[[ RAW DATA, beginning ]]

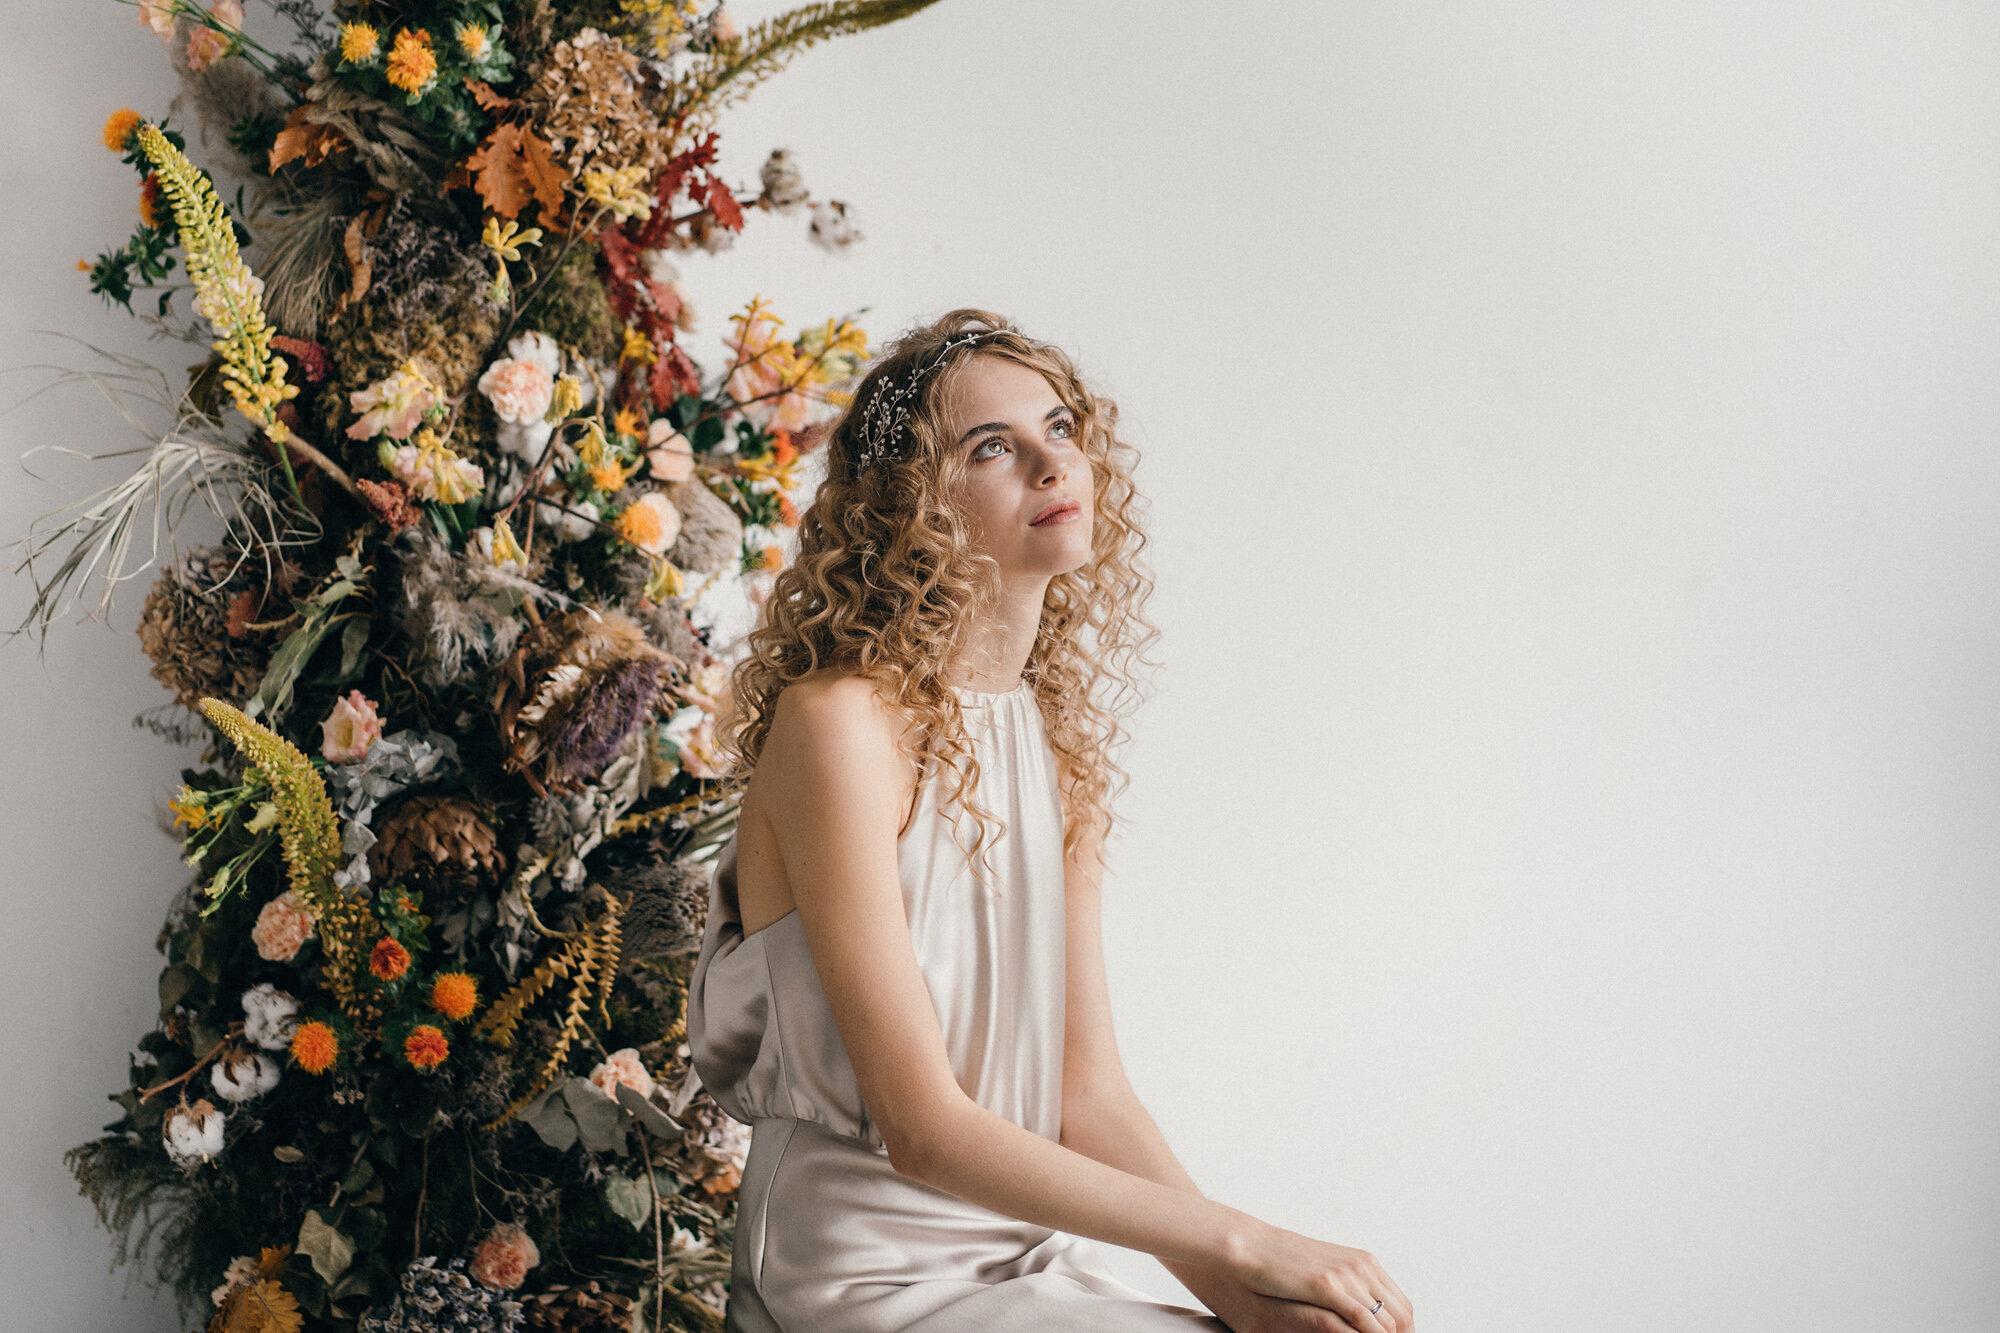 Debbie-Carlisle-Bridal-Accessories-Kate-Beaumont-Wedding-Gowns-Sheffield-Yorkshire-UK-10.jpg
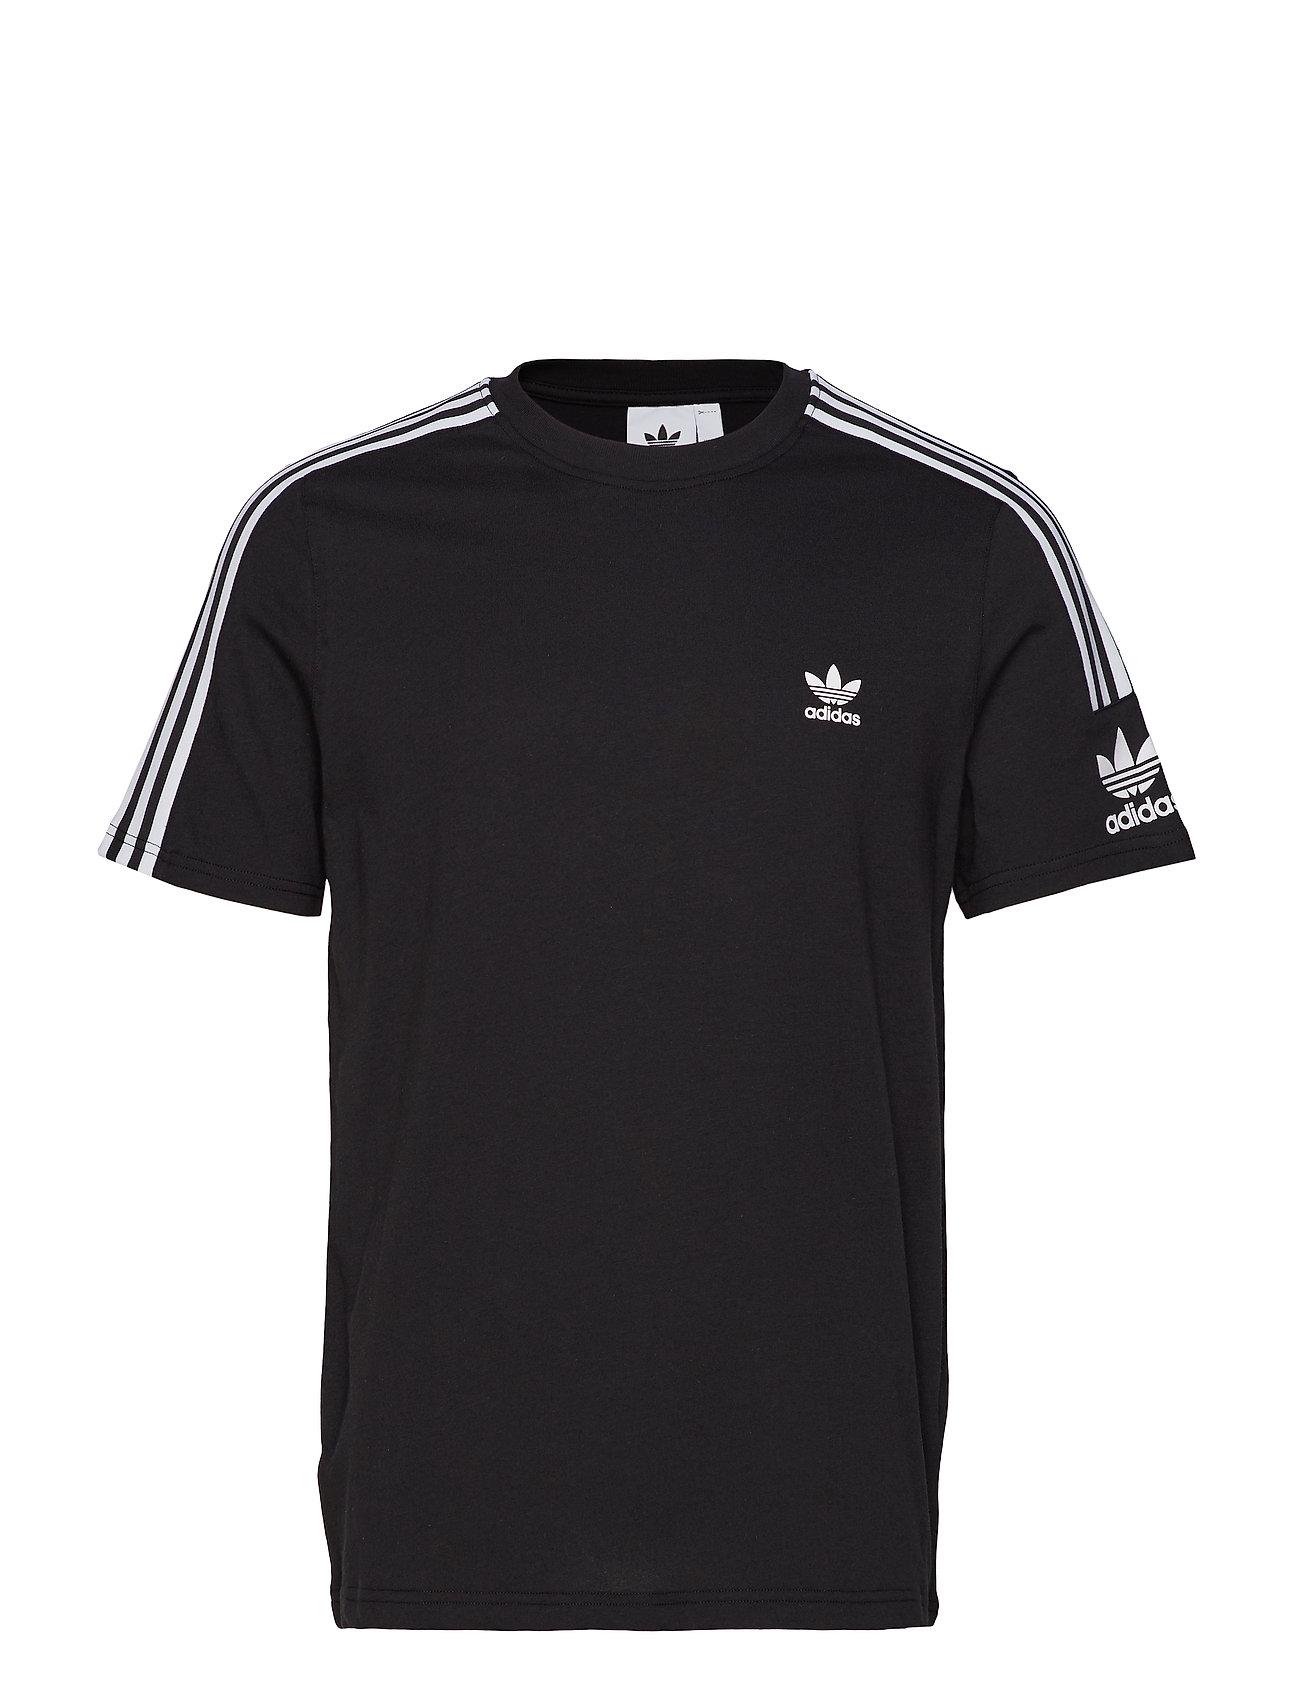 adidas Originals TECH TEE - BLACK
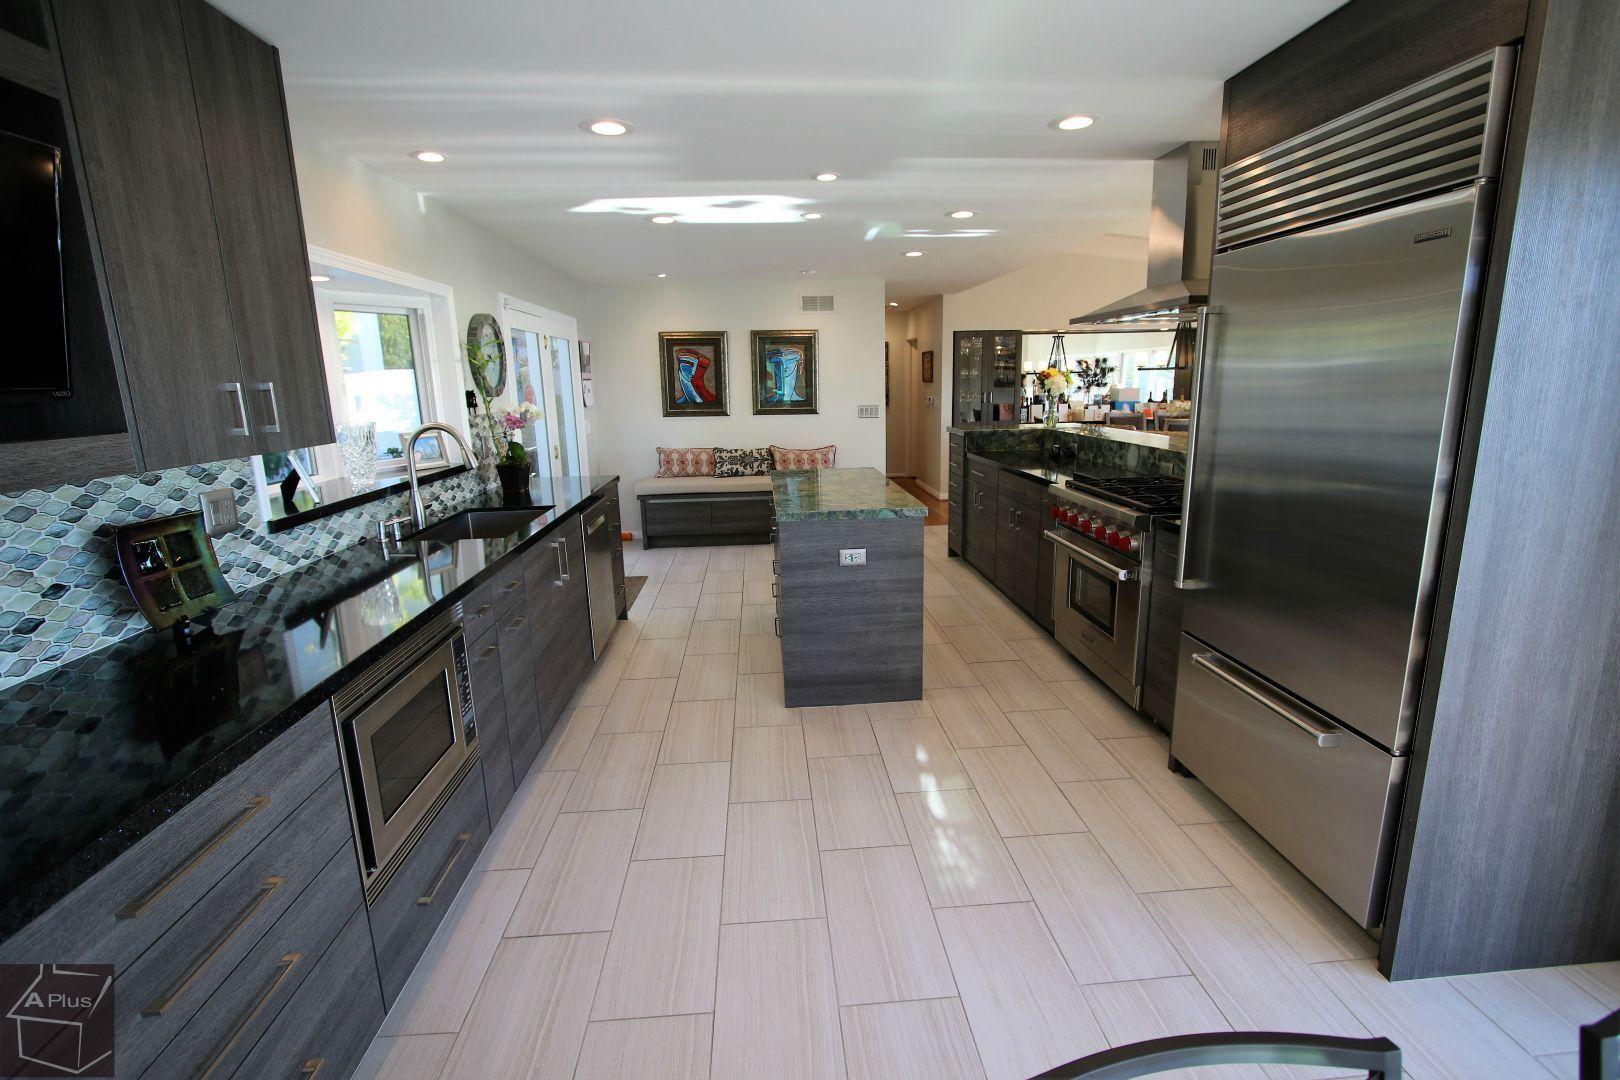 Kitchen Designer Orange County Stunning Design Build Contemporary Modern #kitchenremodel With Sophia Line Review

[[ RAW DATA, end ]]

WHAT TO PRODUCE: Copy the material exactly as written and leave every picture behind.

TASK OUTPUT:
 Debbie-Carlisle-Bridal-Accessories-Kate-Beaumont-Wedding-Gowns-Sheffield-Yorkshire-UK-10.jpg
 adidas Originals TECH TEE - BLACK
 Kitchen Designer Orange County Stunning Design Build Contemporary Modern #kitchenremodel With Sophia Line Review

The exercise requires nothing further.